Day 5 – Afternoon 11/9/11
Due to the strong winds, Justin suggested we hunt out of a newly placed ground blind in an area where 3 of the "shooter" bucks converged.

We headed out early, at around 2:45, in order to allow plenty of time to set up the ground blind. By 3:30, videographer Matthew Carman, huntress/fiancé Noemi Alfaro, & I were tucked into a brushed-up ground blind near the middle of a large open field at the center of where 3 "shooter" bucks had been picked up on Reconyx trail cameras by Justin Trail.

Deer movements began slow and it was not until around 4:45 that we saw our first deer... a yearling, multi-point buck.

By 5:00 pm, we had 5 does and a different yearling buck in sight. By 5:15, 2 additional yearling bucks appeared. By 5:30, another yearling buck appeared, as well as 2 more does.

Finally, at 5:40 pm Matthew spotted a bigger-bodied buck move into view. We all put up our binoculars to recognize that we finally had a mature buck with the right kind of headgear out in front of us!

Initially, the mature buck was slow to close the gap in between us. As he moved closer, I was able to see the 8-point buck's brow tines and I immediately realized he was the 8-pointer Justin had on the "shoot" list and was also one of the 3 "shooter" bucks he had hoped we would see from this new location!

Our excitement grew as the buck slowly moved toward the group of 5 does to our left. On his way to the does, the buck briefly disappeared behind a brush clump.

Meanwhile, one doe became suspicious of our ground blind and then became nervous. This nervous doe slowly moved toward us, pulling the other does with her. Now all deer, including the shooter 8-pointer, were on edge and staring our direction.

What had seemed a sure thing, quickly unraveled in front of our eyes as the lead die began nervously trotting for cover to our right. In single file the other 4 does followed closely behind.

Now the shooter 8 was trotting as well and would quickly be out of shooting range.
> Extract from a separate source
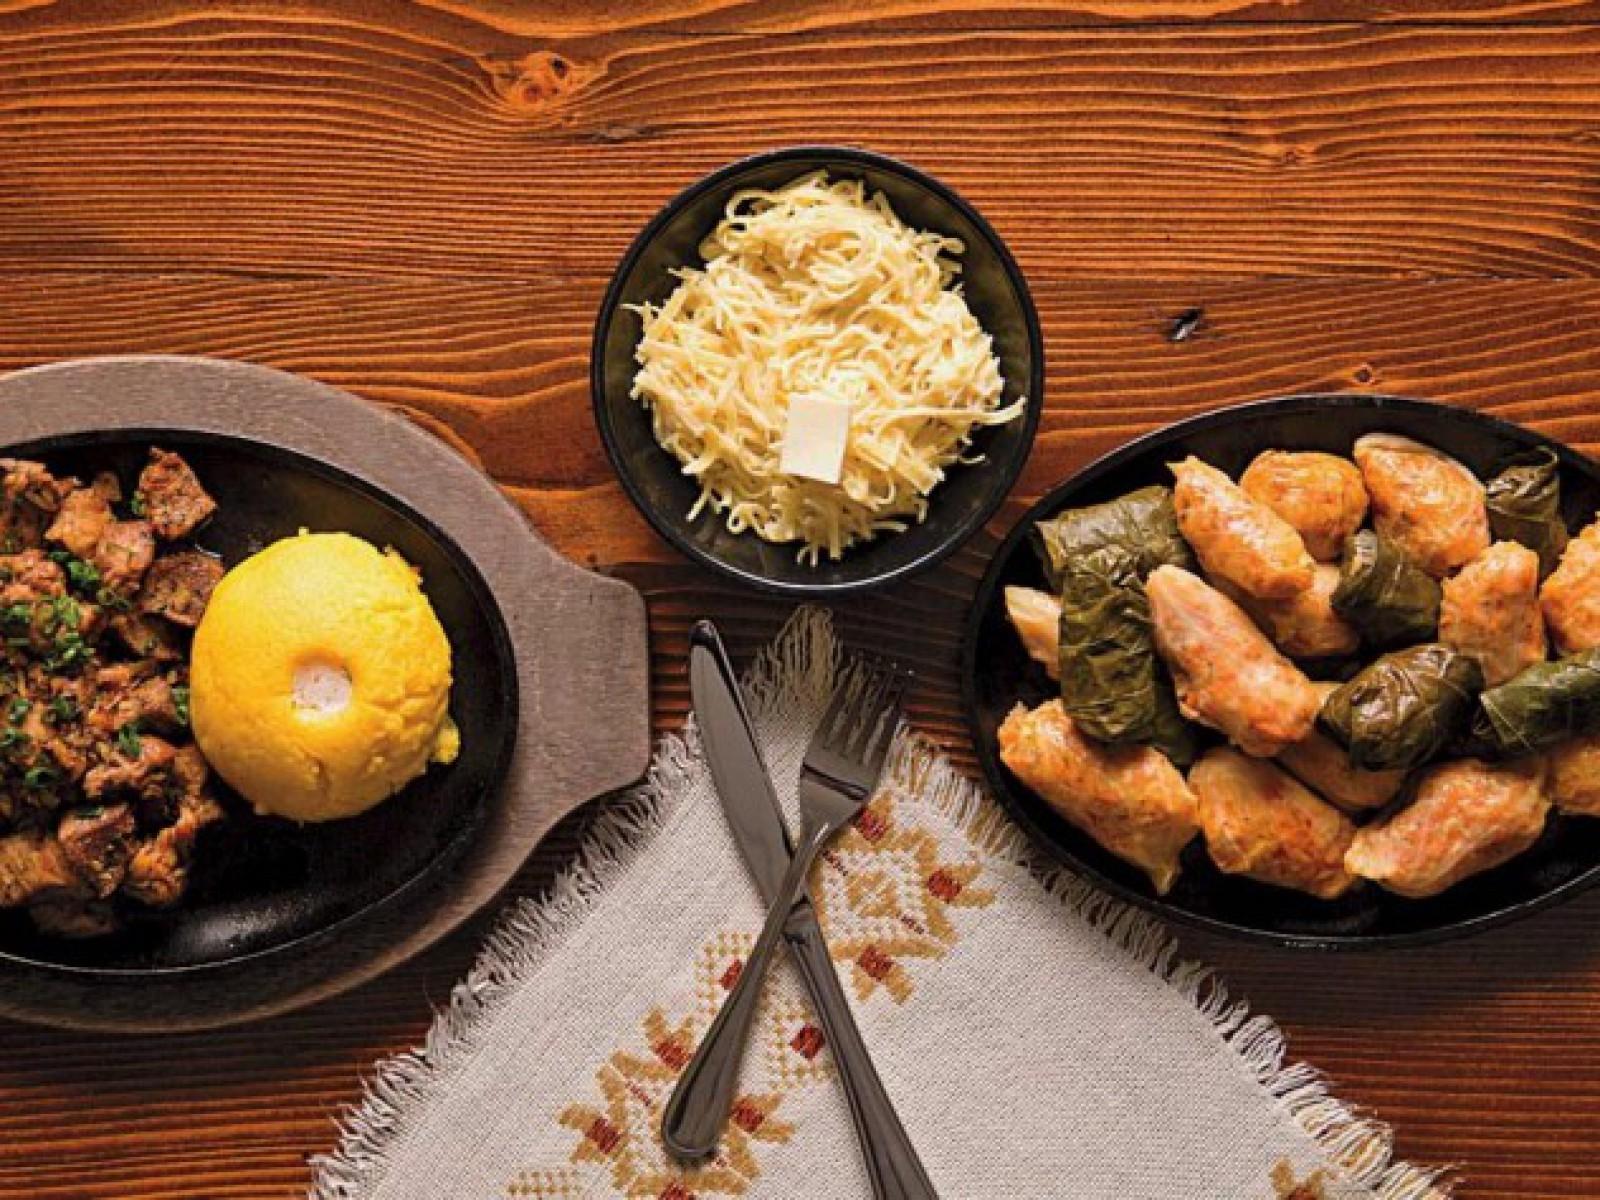 Arta culinară moldovenească apreciată și în statele americane. Care sunt bucatele alese
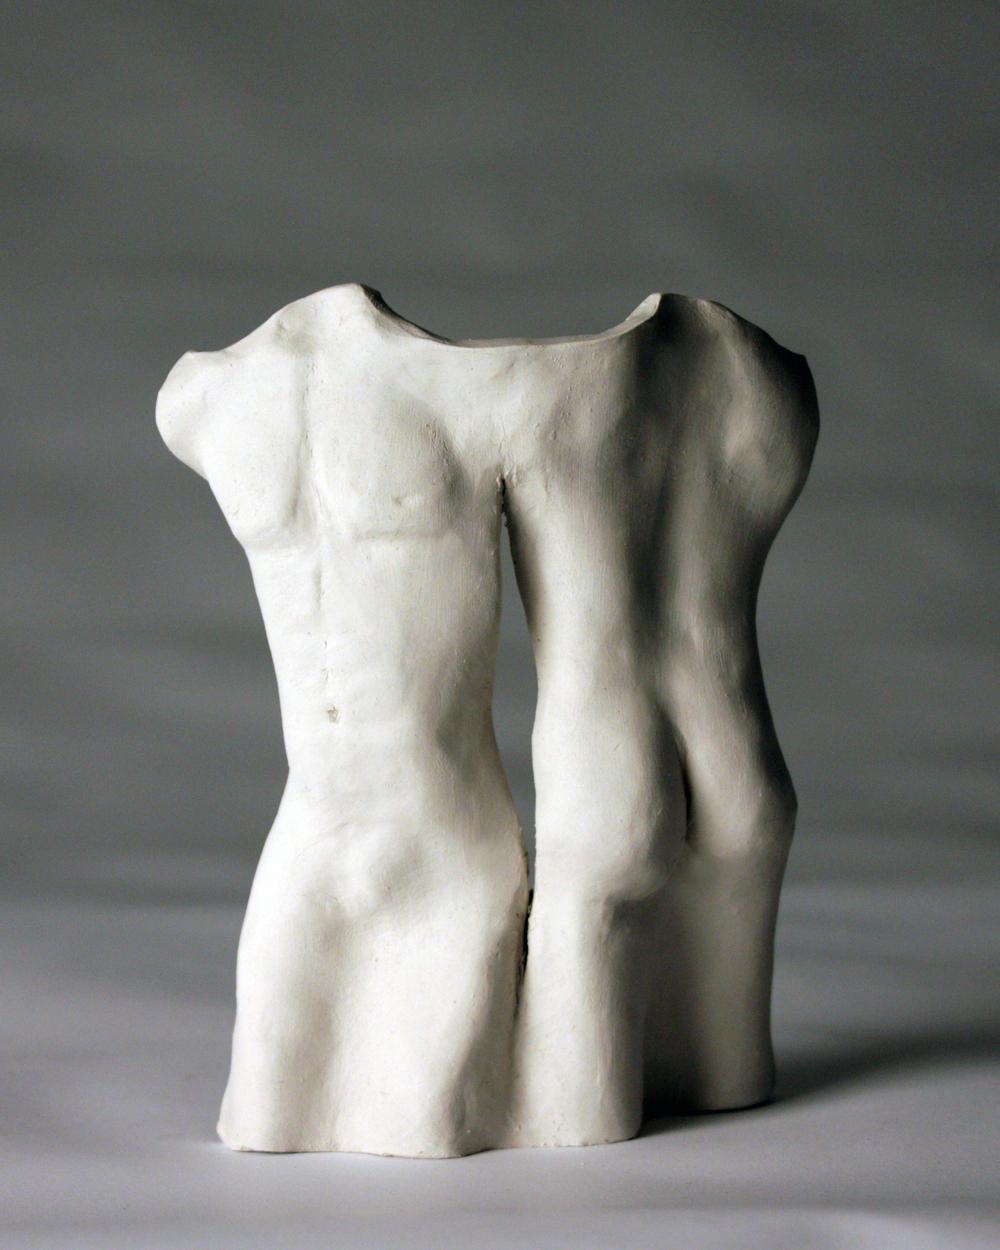 Kuros 2 - Ceramic - 2010

Noemi did everything in her power in an attempt to get the buck in her crosshairs before he moved out of camera site, but it wasn't to be... almost as quickly as the buck had moved into range, he had trotted back out of range... SO CLOSE!

After our 5th and final day of hunting, I want to sincerely thank Justin and Tamara Trail for their incredible hospitality and unbelievable generosity! The folks of Albany are very friendly and the deer hunting just outside of town is as good as it gets outside of south Texas!

I'm also incredibly proud of my fiancé and all that she did in an effort to harvest her first trophy buck. She was up at 4:30 or 5:00 am 3 days in a row. She walked along side us as we stalked through thick brush between rattling locations each morning and evening. She sat patiently, in box blinds and ground blinds, as the "guides" around her talked "deer" non stop.

In the end, she tried her best to make her fiancé proud... she most definitely succeeded!!!!